• **EXERCISE**:
Please reproduce all of the data below exactly, leaving each picture out.

• **SUPPLIED DATA**:
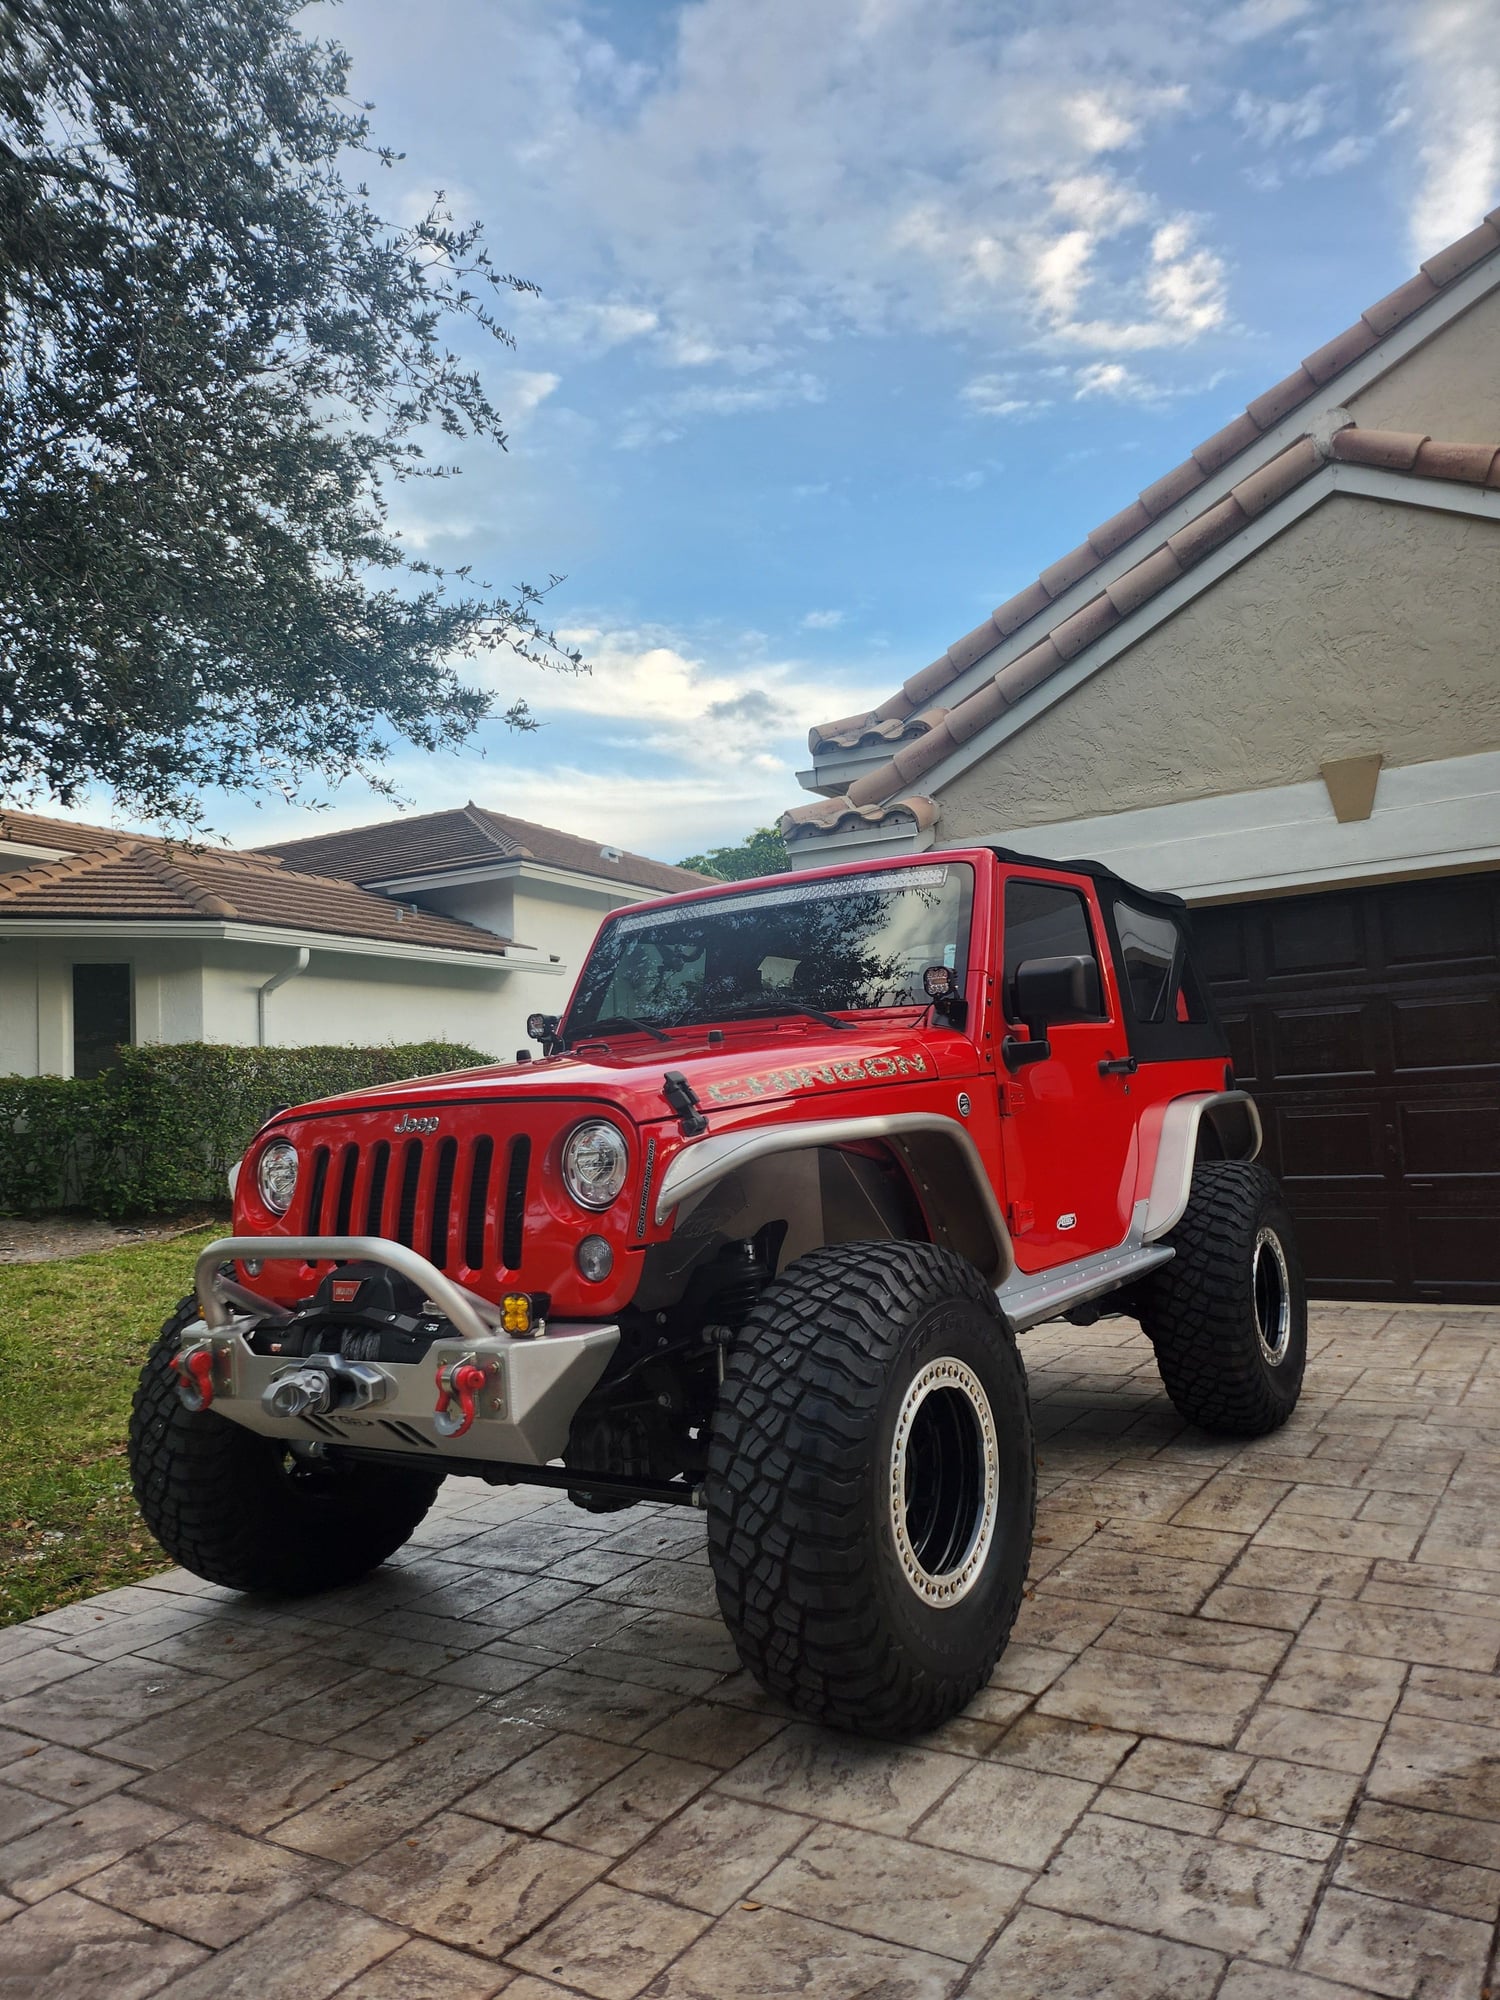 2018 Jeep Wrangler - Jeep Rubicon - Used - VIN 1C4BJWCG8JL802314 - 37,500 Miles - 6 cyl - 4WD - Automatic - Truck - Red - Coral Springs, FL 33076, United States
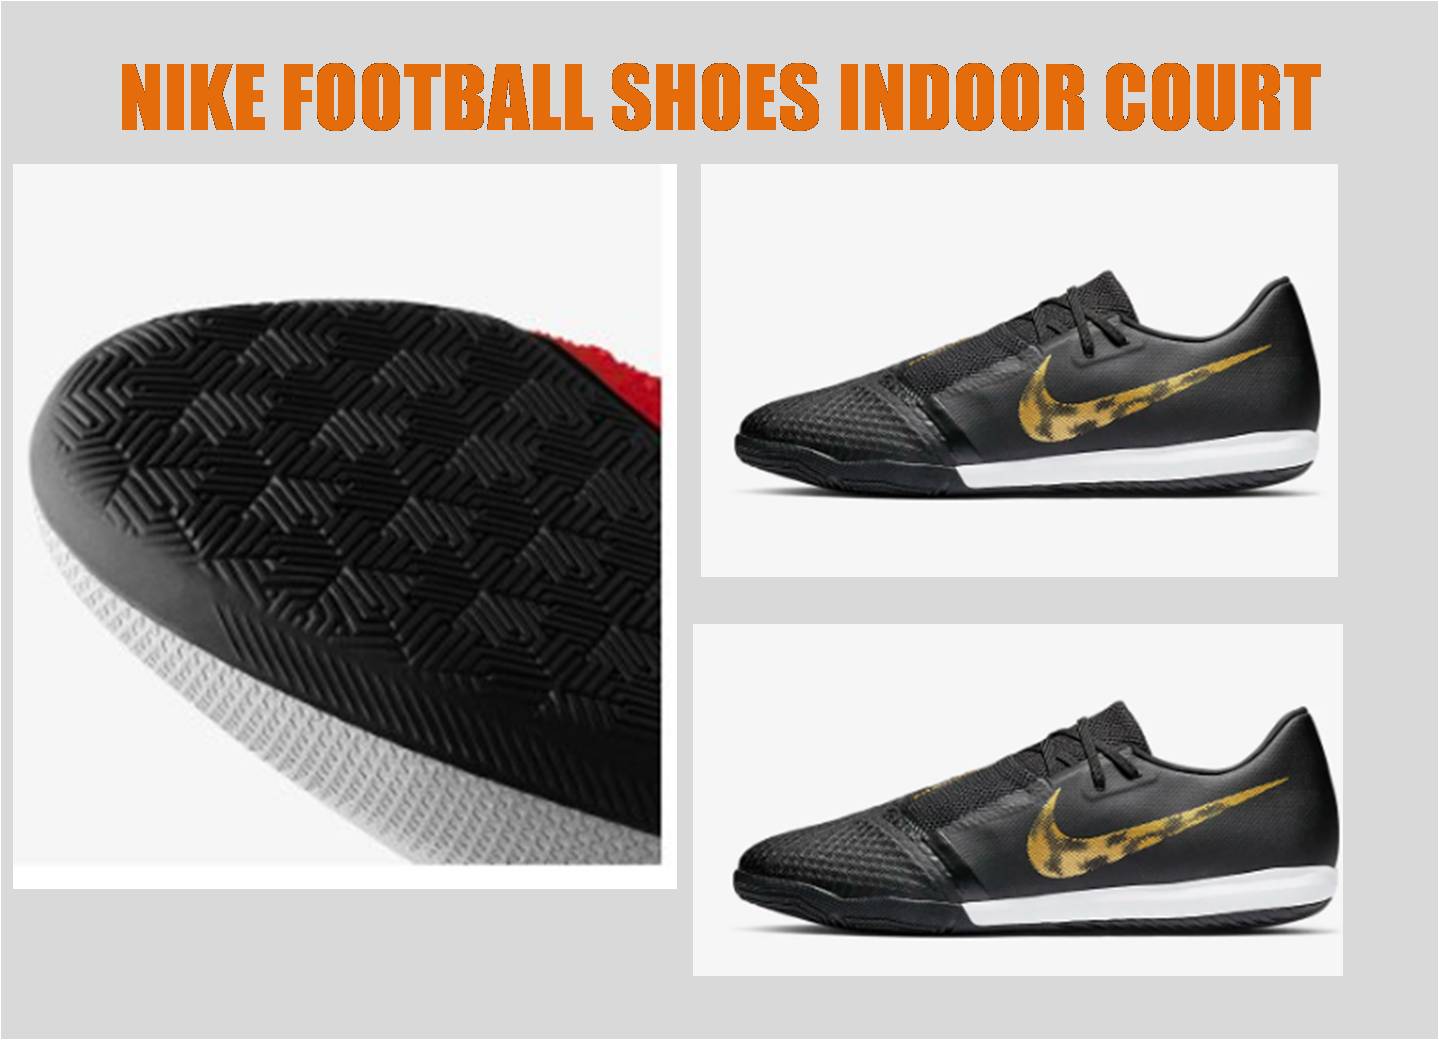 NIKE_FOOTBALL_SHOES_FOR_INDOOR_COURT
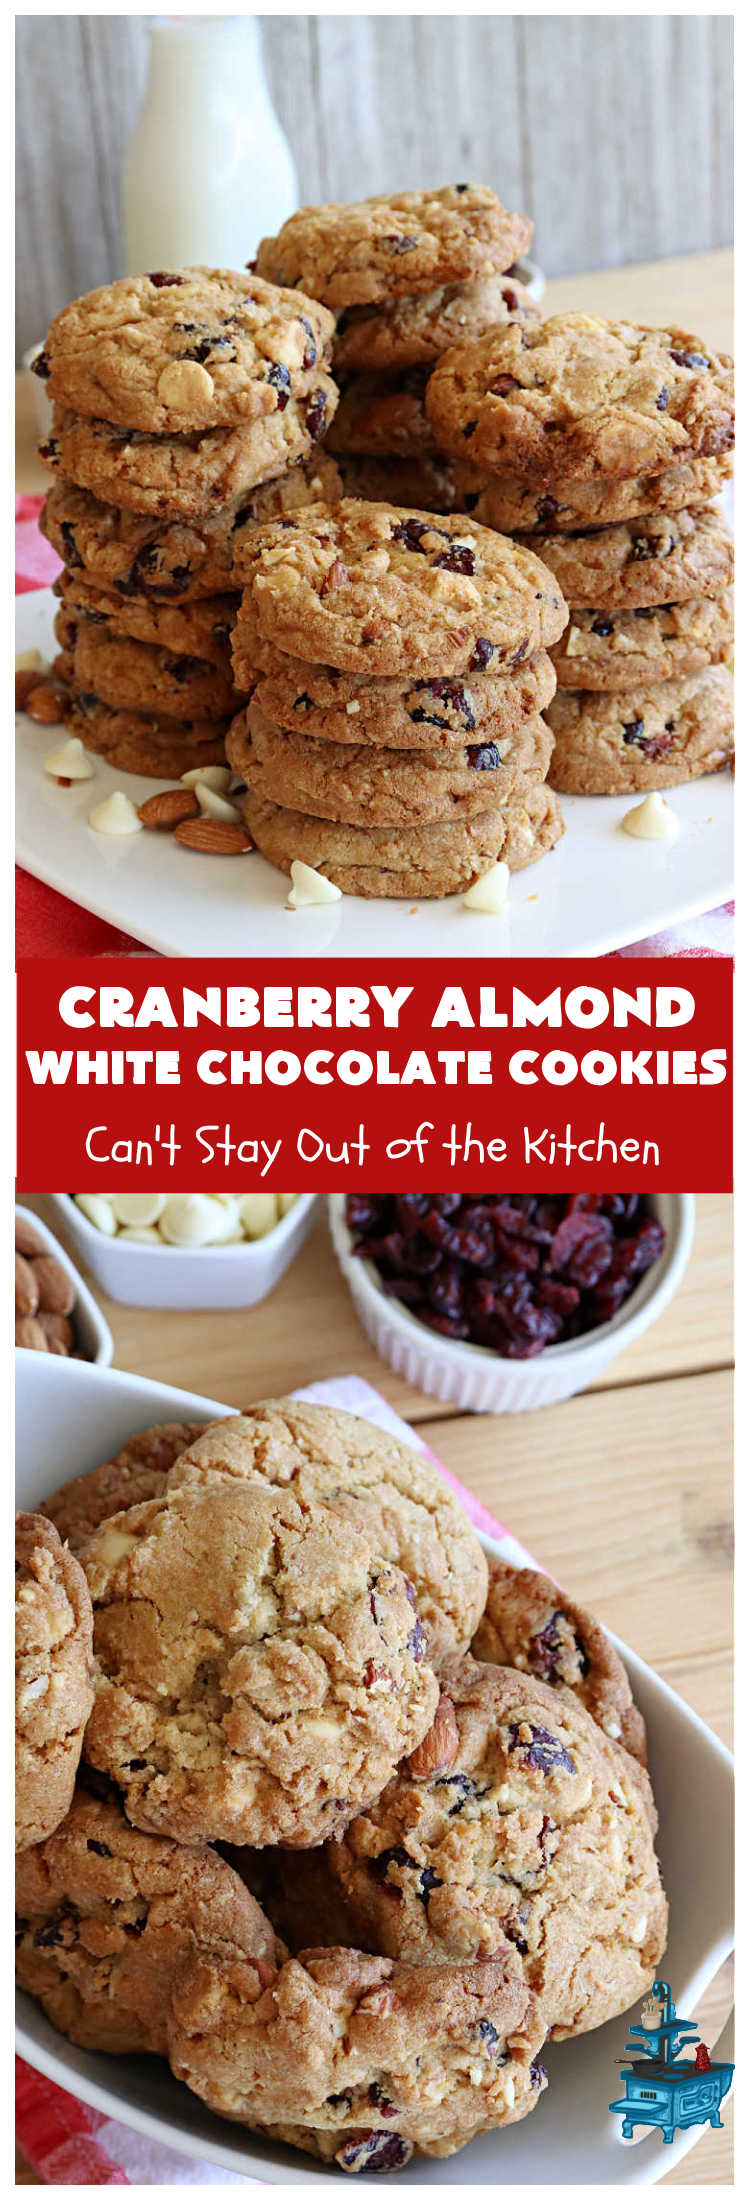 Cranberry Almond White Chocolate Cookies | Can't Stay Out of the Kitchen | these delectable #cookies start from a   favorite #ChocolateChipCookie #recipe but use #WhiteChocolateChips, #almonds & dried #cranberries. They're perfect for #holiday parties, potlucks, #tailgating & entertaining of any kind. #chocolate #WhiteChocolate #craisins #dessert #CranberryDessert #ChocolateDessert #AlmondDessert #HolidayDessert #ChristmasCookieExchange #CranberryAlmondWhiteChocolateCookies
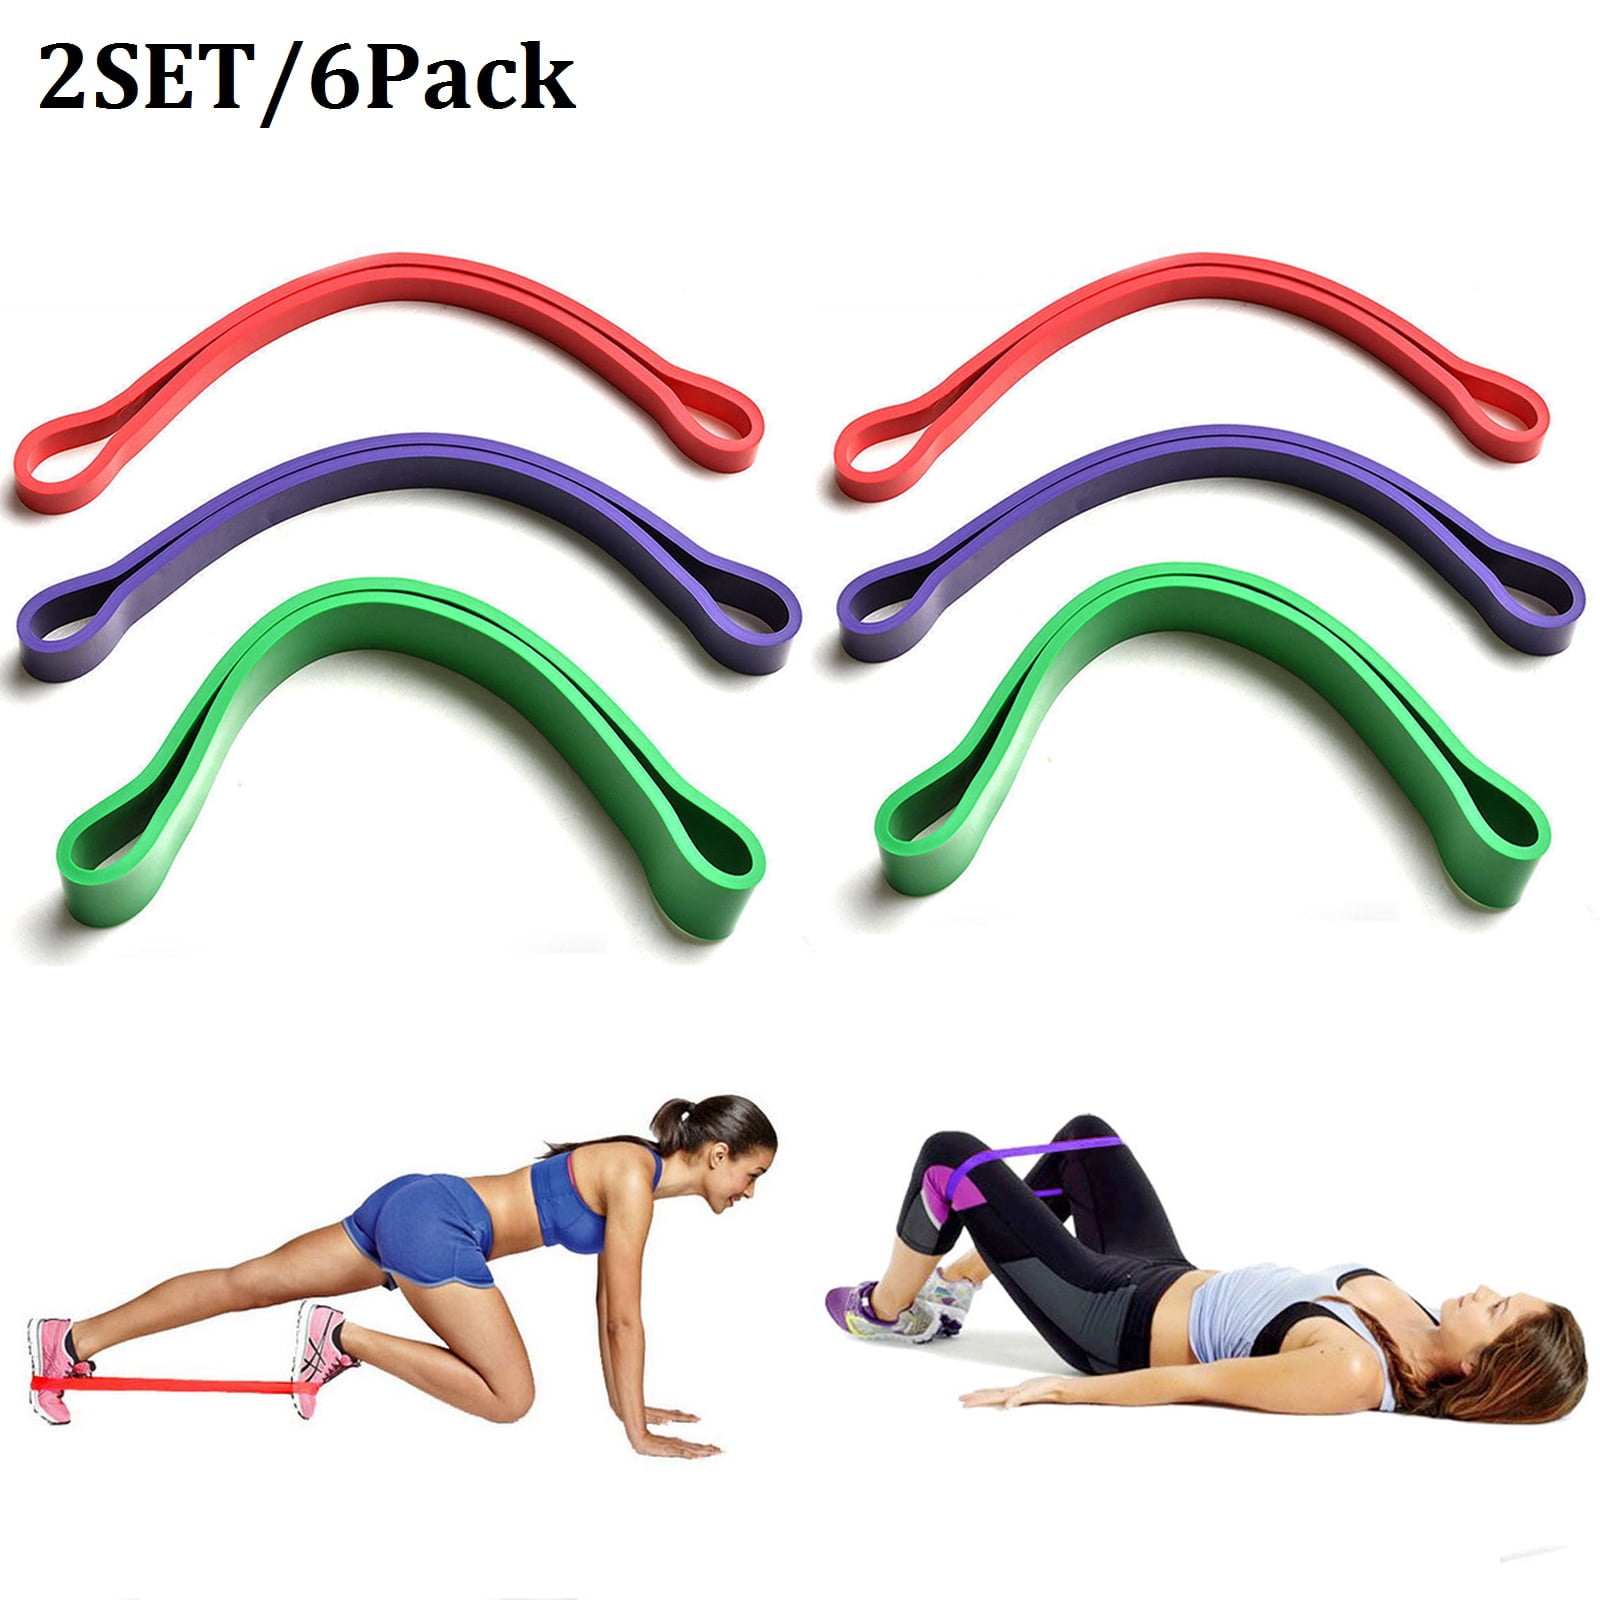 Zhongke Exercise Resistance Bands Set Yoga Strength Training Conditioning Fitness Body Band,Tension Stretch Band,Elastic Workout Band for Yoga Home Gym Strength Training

• **TASK SOLUTION**:
 2018 Jeep Wrangler - Jeep Rubicon - Used - VIN 1C4BJWCG8JL802314 - 37,500 Miles - 6 cyl - 4WD - Automatic - Truck - Red - Coral Springs, FL 33076, United States
 NIKE_FOOTBALL_SHOES_FOR_INDOOR_COURT
 Cranberry Almond White Chocolate Cookies | Can't Stay Out of the Kitchen | these delectable #cookies start from a   favorite #ChocolateChipCookie #recipe but use #WhiteChocolateChips, #almonds & dried #cranberries. They're perfect for #holiday parties, potlucks, #tailgating & entertaining of any kind. #chocolate #WhiteChocolate #craisins #dessert #CranberryDessert #ChocolateDessert #AlmondDessert #HolidayDessert #ChristmasCookieExchange #CranberryAlmondWhiteChocolateCookies
 Zhongke Exercise Resistance Bands Set Yoga Strength Training Conditioning Fitness Body Band,Tension Stretch Band,Elastic Workout Band for Yoga Home Gym Strength Training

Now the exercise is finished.